Once you’ve accepted the uncomfortable truth about doing things you don’t love (hi, welcome to adulting), then think about what jobs you’re interested in. Might they require the RD certification? If that’s even a hesitant yes, it may be worth it to go for it now. Don’t let not having the certification hold you back. If you want to work with people one-on-one, or be a spokesperson, or write and educate the masses (or small specific groups of interest to you) about nutrition, please become a registered dietitian and be an advocate for the process and our profession, not an online nutrition certification. If you’re more interested in policy, communications with companies, or marketing, a master’s degree may be a better fit. Even then, the registered dietitian certification may benefit you. (The person who wrote in with this question is currently getting a master’s degree. I know a lot of RDs who work in PR, marketing, and communications.)
Let’s also acknowledge that the dietetic internship is an unpaid internship.
You will have to complete a dietetic internship program if you choose to become a registered dietitian. You, question-asker, with your forthcoming graduation and MS letters, may not want to spend yet another year not working full time. I get that. We all have adulting to do. But in the grand scheme of life, it is one year. If you are privileged enough to survive this financial position, or could get help from family or a scholarship or a part-time job, it might be best to do the dietetic internship now versus later. I did some freelance writing during my internship, for a site that helped college students find and apply for jobs and internships.

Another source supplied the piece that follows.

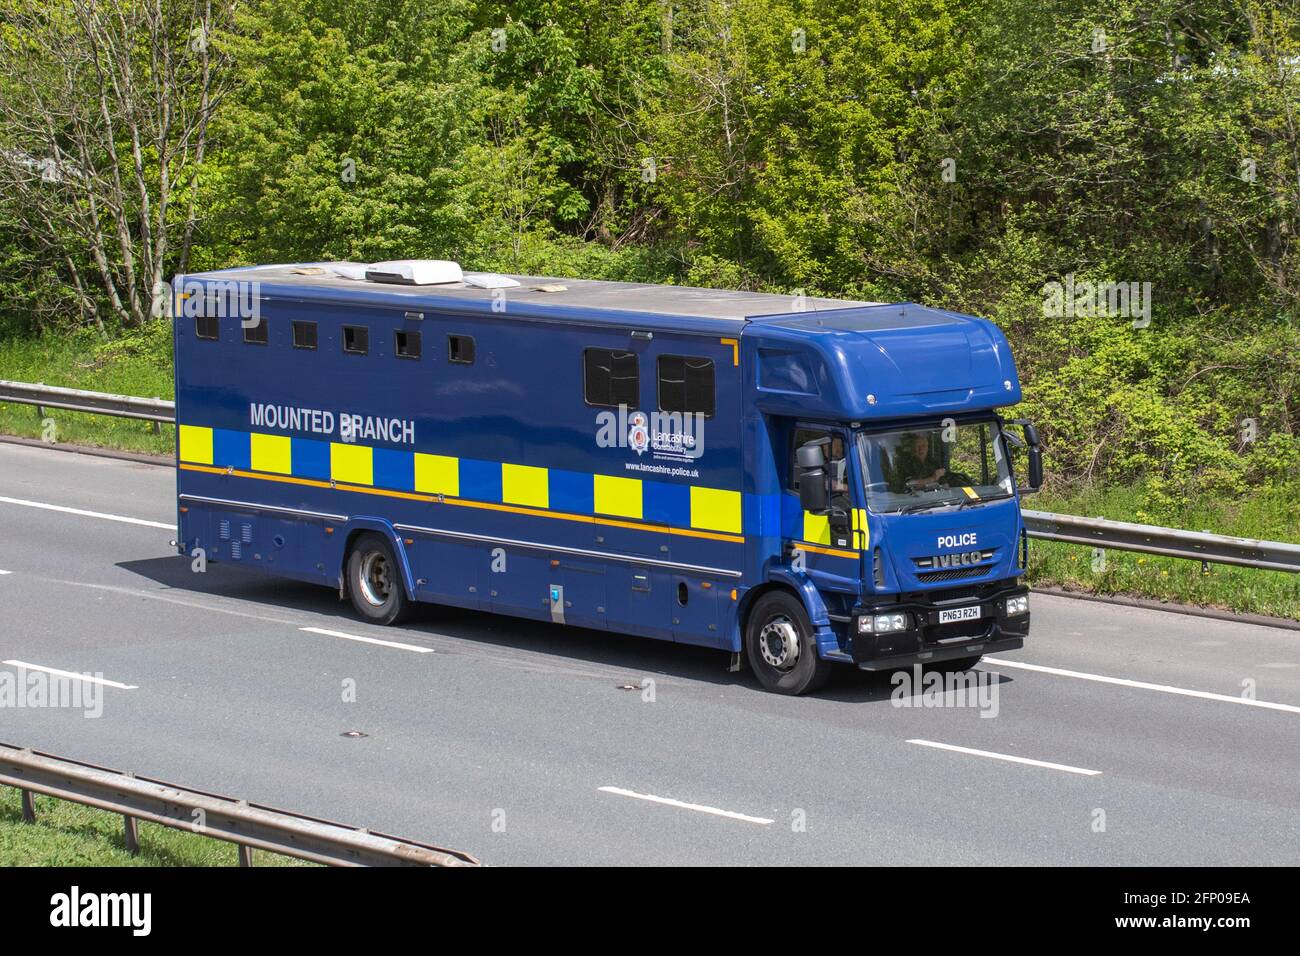 Lancashire Constabulary großer Polizeiwagen; Umbau eines Reisebusses für Pferdetiertransporte auf der Autobahn M61, Lancashire, Großbritannien Stockfoto

I have clients who worked at a fitness studio (bonus: free classes!). I know other people who had a blog set up and did some sponsored posts or had ads running to generate a small income.
Get creative, literally. Know your financial limits. Consider applying for programs that cost less, or are close to family you could stay with. Explore programs that allow for part-time work. There are options.
What you plan to do with your RD certification?
When you think “become a registered dietitian and join the ranks!” does it feel exciting? Do you have dreams about how you’ll influence the profession, people you’ll network or partner with, companies you want to work for? Does it feel exciting? Is it more exciting than something else? I am not offended if you say no. These are your life decisions. These are a few of many big considerations.
Talk to other RDs. Keep asking if you should become a registered dietitian.
Listen to what Emily and I had to say on the podcast about our own experiences. If you’re still on the fence, look up a few dietetic internship options in locations that work for you. Find a graduate to speak with, ask your questions. Keep exploring this. Keep the option to become a registered dietitian open if it feels important to you. Don’t be ashamed to say, “This is not for me.” We’ve all been there with something else. You can’t make the wrong choice.